PHOTODETECTOR WITH ROTATED ELECTRIC FIELD

Organization Name

Cisco Technology, Inc.

Inventor(s)

Kam Yan Hon of Irvine CA (US)

Fatemeh Rezaeifar Bayat of Mission Viejo CA (US)

Attila Mekis of Carlsbad CA (US)

Gianlorenzo Masini of Carlsbad CA (US)

PHOTODETECTOR WITH ROTATED ELECTRIC FIELD - A simplified explanation of the abstract

This abstract first appeared for US patent application 18063540 titled 'PHOTODETECTOR WITH ROTATED ELECTRIC FIELD

Simplified Explanation

A photodetector design with a substrate, absorber, and doped regions for improved performance.

• The photodetector includes a substrate, absorber, first doped region, and second doped region.
• The absorber has two regions, with the second region being more heavily doped than the first.
• The first doped region contacts the second region of the absorber, with a portion positioned between the absorber and the substrate.
• The second doped region contacts the first region of the absorber, with a portion positioned between the absorber and the substrate.
• The second doped region extends across a majority of the width of the absorber.

Key Features and Innovation

• Photodetector design with optimized doped regions for enhanced performance.
• Improved contact between doped regions and absorber for efficient light detection.
• Enhanced sensitivity and response time due to the specific positioning of doped regions.

Potential Applications

The technology can be used in:

• Photovoltaic cells
• Optical communication systems
• Imaging devices

Problems Solved

• Enhanced light detection efficiency
• Improved signal-to-noise ratio
• Faster response time

Benefits

• Increased sensitivity
• Improved performance in low-light conditions
• Enhanced overall device efficiency

Commercial Applications

• Photovoltaic industry for improved solar cell efficiency
• Optical communication companies for faster data transmission
• Imaging device manufacturers for higher quality images

Prior Art

Readers can explore prior research on photodetector designs, doped regions, and light detection technologies to understand the evolution of this innovation.

Frequently Updated Research

Stay updated on advancements in photodetector technology, doped region optimization, and light detection efficiency for the latest developments in the field.
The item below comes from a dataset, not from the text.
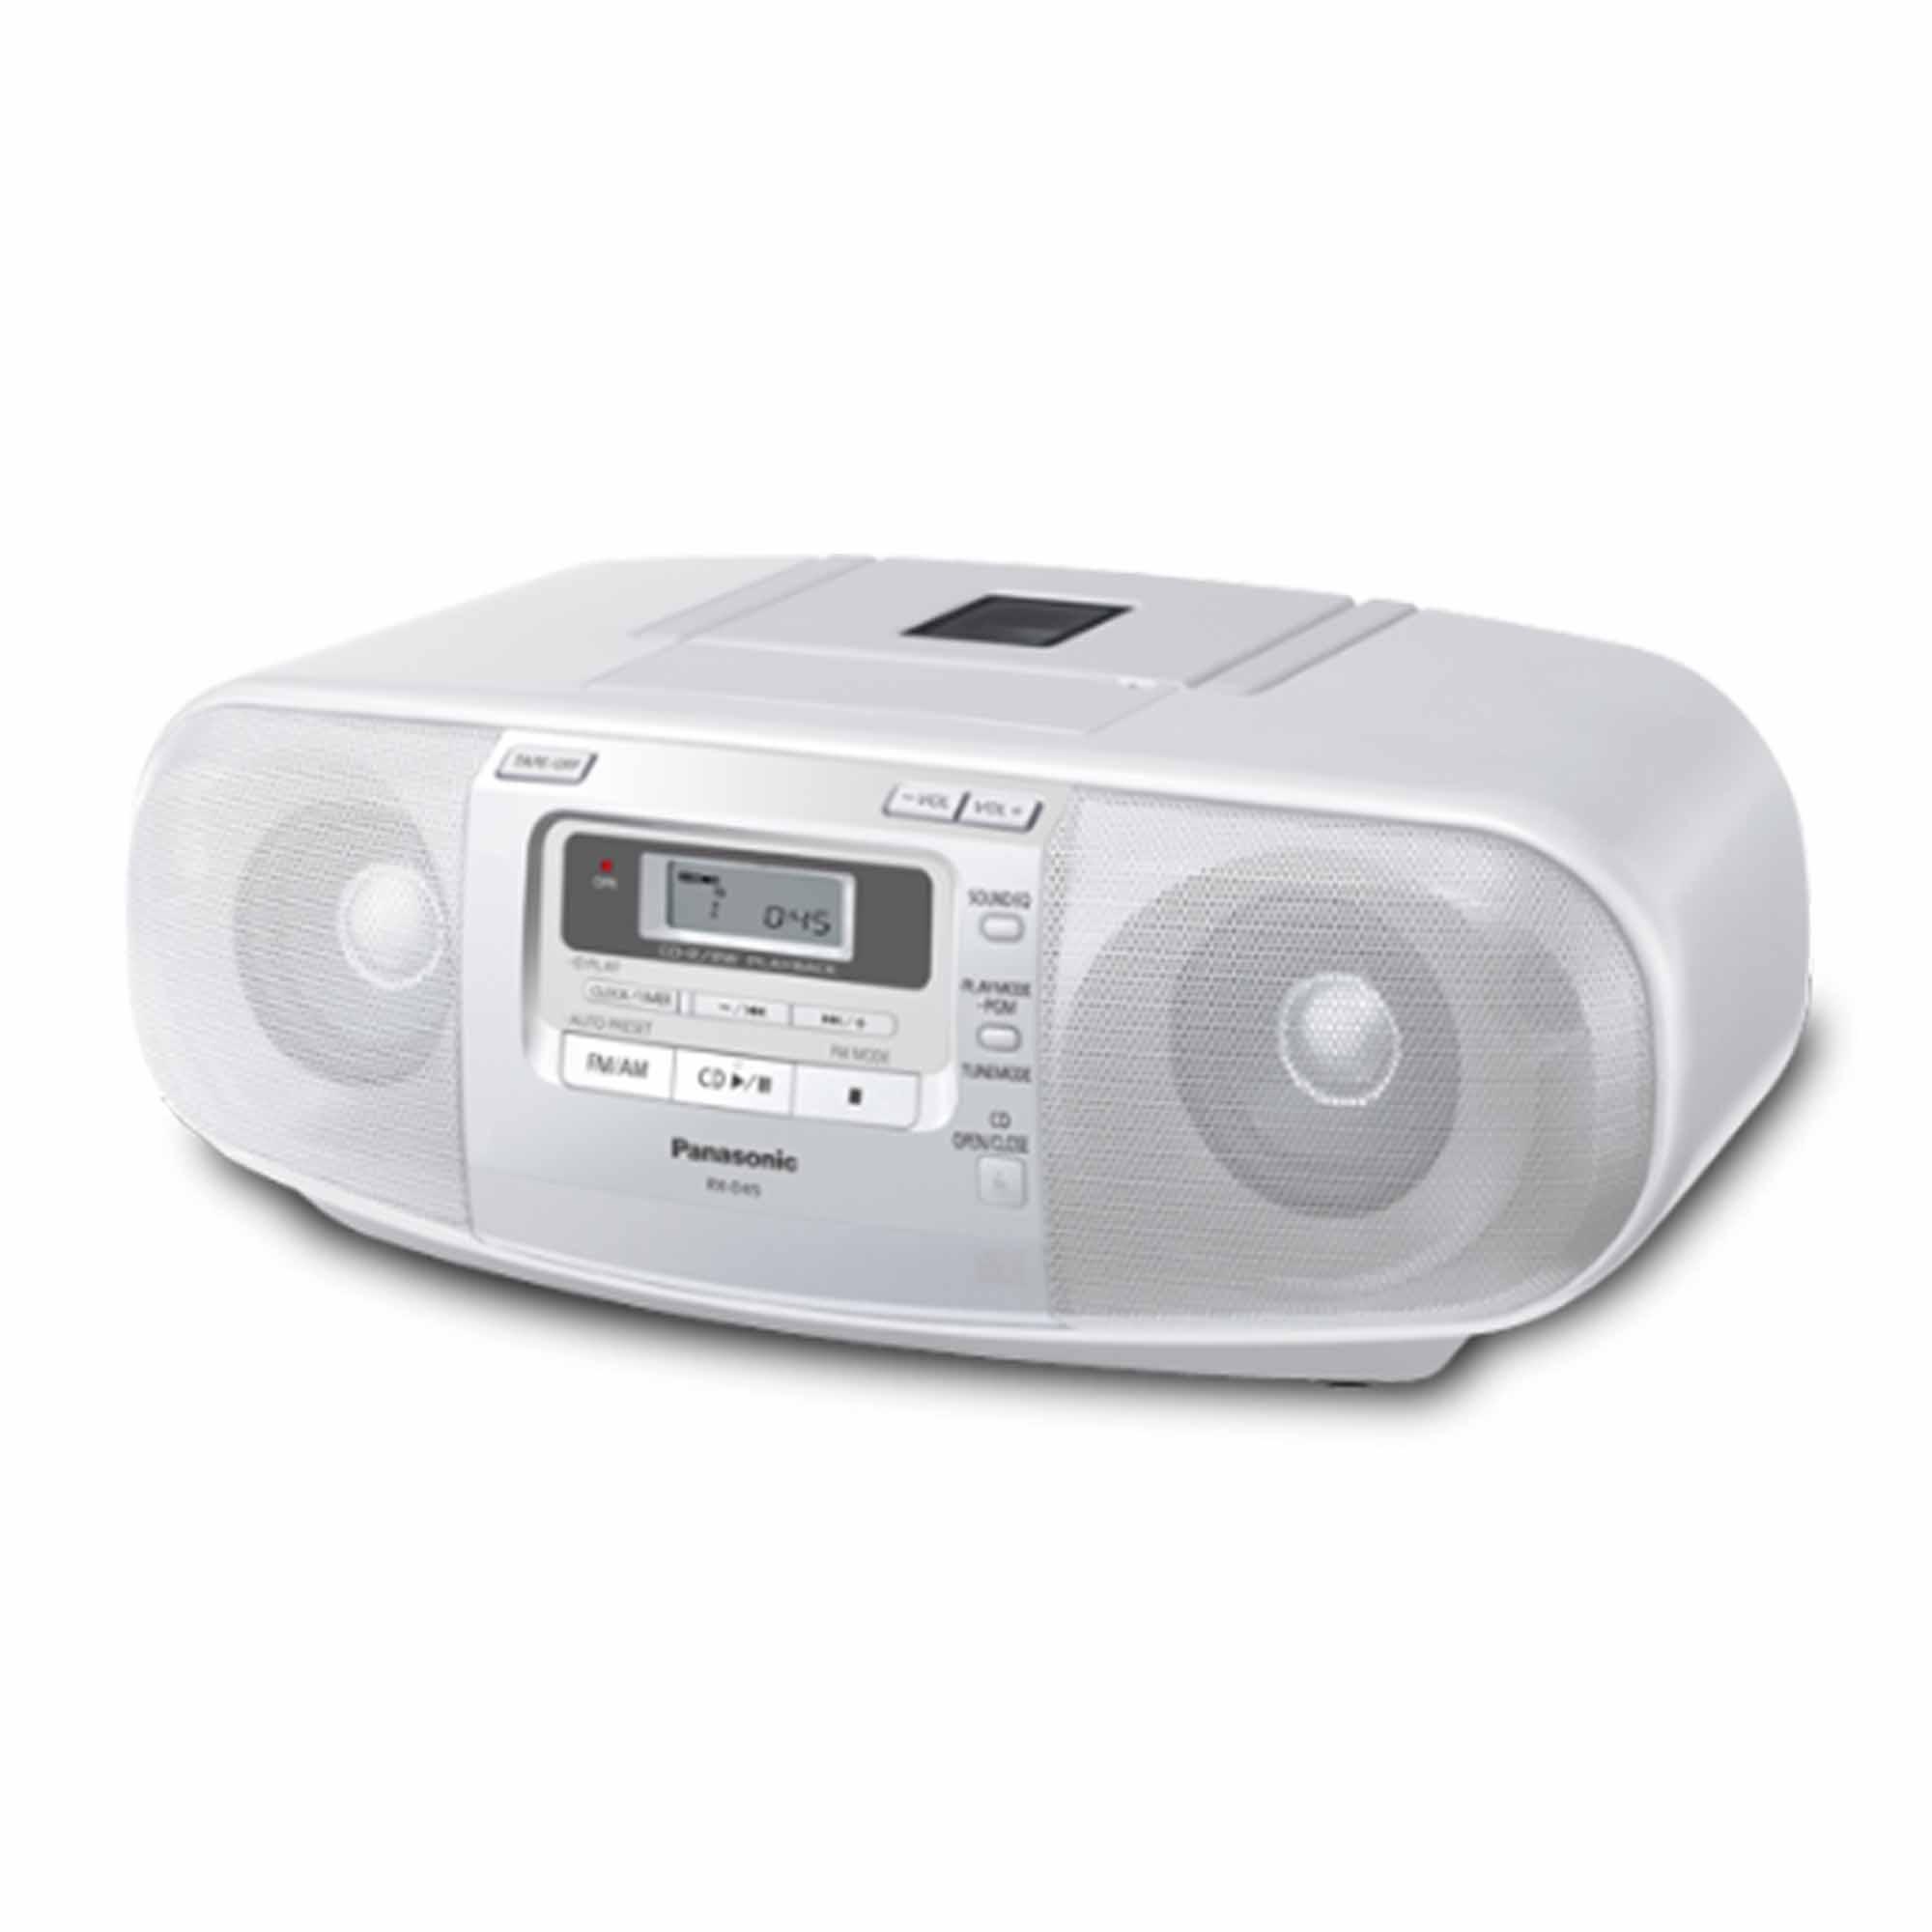 Panasonic Radio RX-D45 (60W) CD Playe (end 5/2/2020 6:06 PM)

Questions about Photodetector Technology

What are the key advantages of using doped regions in photodetector design?

Doped regions in photodetectors help improve conductivity and sensitivity, leading to enhanced performance in light detection.
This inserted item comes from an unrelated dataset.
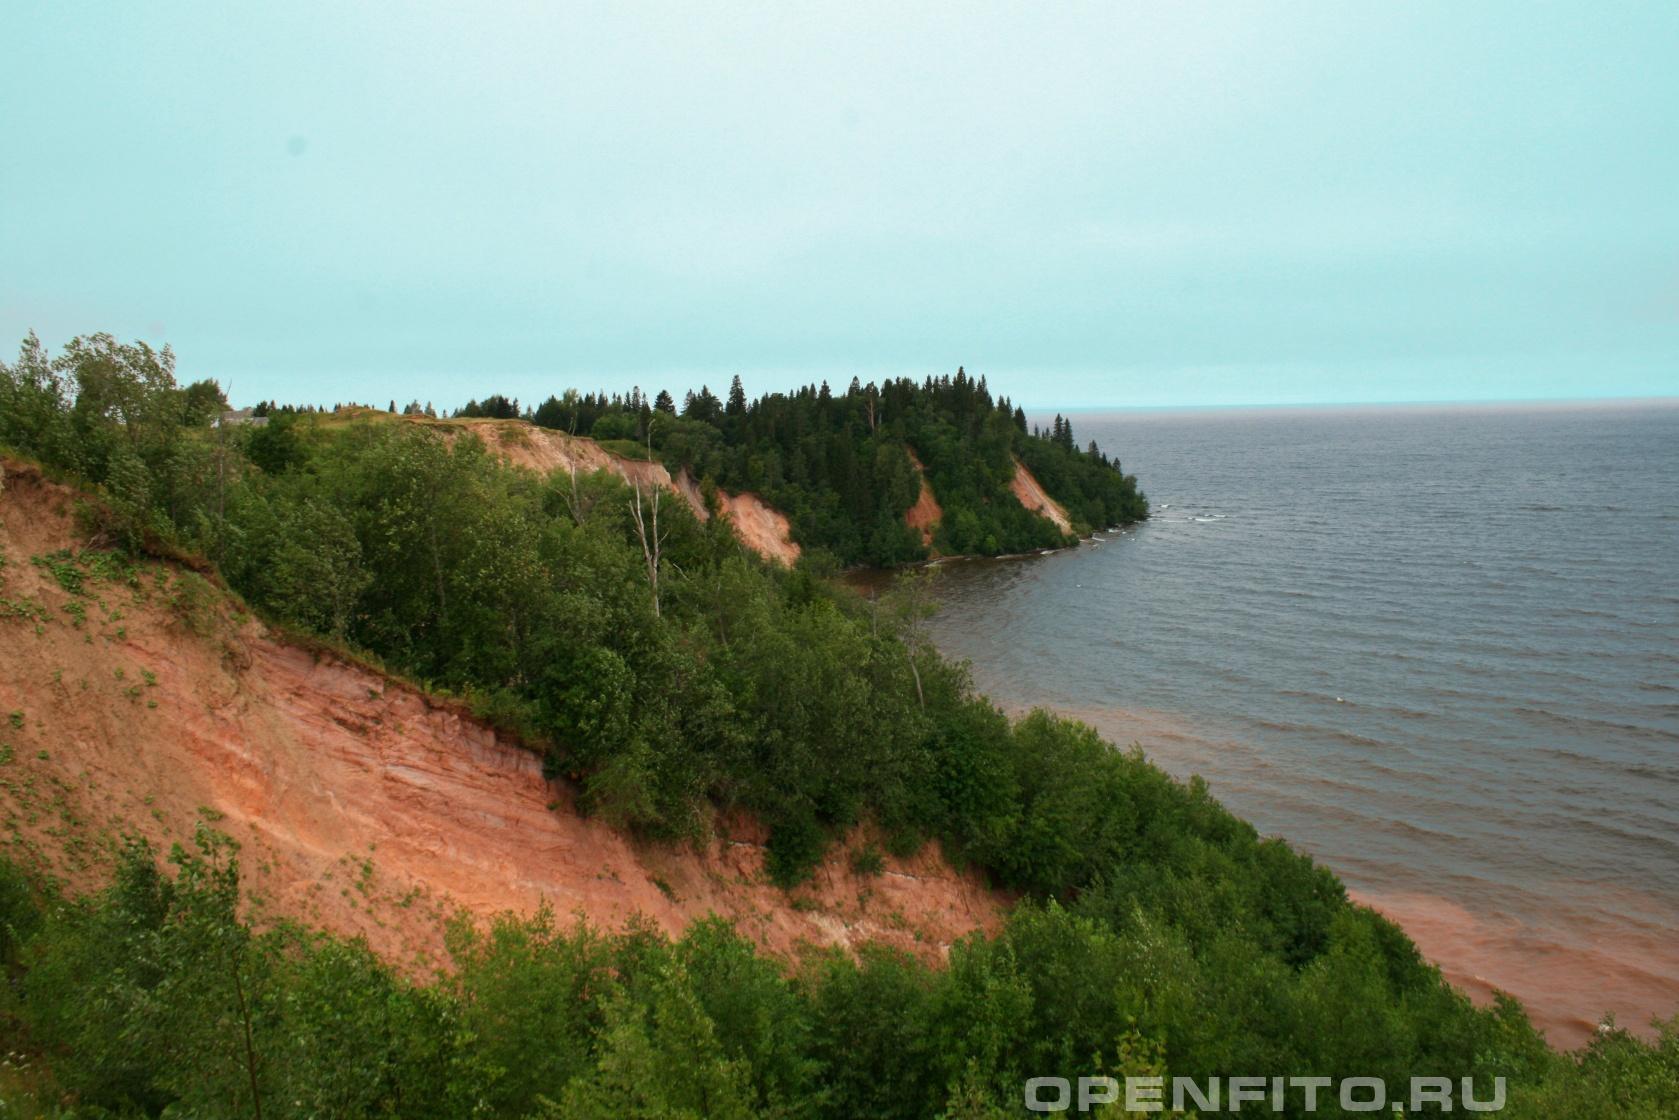 Онежское озеро Берег Онежского озера, Карелия

How does the positioning of doped regions impact the overall efficiency of a photodetector?

The specific positioning of doped regions in relation to the absorber plays a crucial role in optimizing light detection and response time.

Original Abstract Submitted

A photodetector includes a substrate, an absorber, a first doped region, and a second doped region. The absorber includes a first region and a second region that is more heavily doped than the first region. The first doped region is positioned on the substrate such that the first doped region contacts the second region of the absorber. A portion of the first doped region is positioned between the absorber and the substrate. The second doped region is positioned on the substrate such that the second doped region contacts the first region of the absorber rather than the second region of the absorber. A portion of the second doped region is positioned between the absorber and the substrate. The portion of the second doped region extends across a majority of a width of the absorber.